There is "nothing immutable about the present arrangements wherein certain peoples are ruled within certain fixed territorial units ... the changes ahead have the potential to undermine the authority of states, and the political identities and loyalties of citizens" will be in doubt, the book says. "The principle of state sovereignty and of the state system is wasting away."
It says "globalization is basically good ... because it may be a vehicle to transcend the system of state sovereignty." But it warned of isolationists who argue that "globalization is being used by the corporate rich to grow still richer at nearly everyone else's ex pense."
The "ideal of universal human rights will also challenge the traditional concept of state sovereignty," it says, citing the case of Augusto Pinochet as illustrating "the evolution of international law toward views that undermine sovereignty." It also cited the invasion of Yugoslavia as another giant leap toward the end of nationhood.
"The campaign in Kosovo was the clearest example in modern times of a major power or alliance intervening militarily in the internal affairs of another sovereign state avowedly on behalf of minority rights," the book approvingly says.
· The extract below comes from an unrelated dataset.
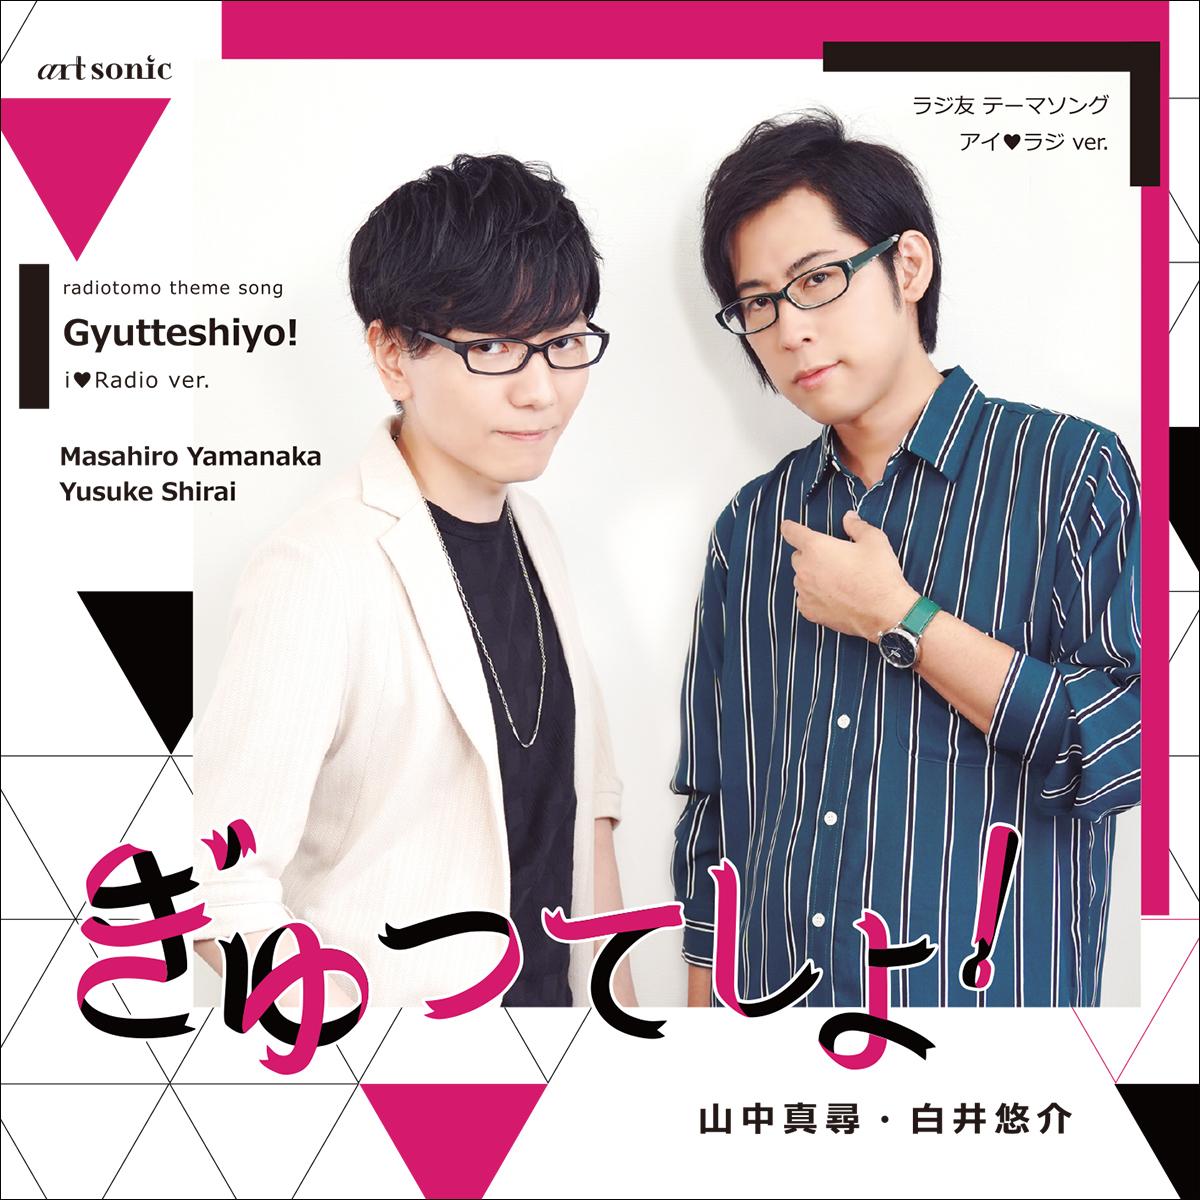 radiotomo theme song Gyutteshiyo! 1♡Radio ver. ラジ友テーマソング『ぎゅってしよ!』アイラジ ver.

Leaders "applaud the erosion of sovereignty over such questions, as well as others."
GLOBAL GOVERNMENT
The book also follows the Bilderberg program for global government by dividing the world into three great regions for the administrative convenience of the UN, which is to emerge as a de jure, as well as de facto, world government. Each region -- the European Union, the American Union and the Asian-Pacific Union -- is to evolve into a single state with a common currency.
The book reports with approval the giant steps taken toward each of the goals of regionalization and celebrates the "dollarization" of the Western Hemisphere, which Bilderberg called for at its meeting in Sintra, Portugal, last June.
"In addition to trade integration, the Americas will experience greater monetary integration," the book said. "Proposals for dollarization are being debated by the public and/or private sectors in Argentina, Mexico and El Salvador. Currently, Latin Americans hold a majority of their savings in dollars and 70 percent of banking assets and liabilities are dollar-denominated in Argentina, Bolivia, Peru and Uruguay."
Global trends "indicate that a regional currency bloc is a strong possibility," the book concludes.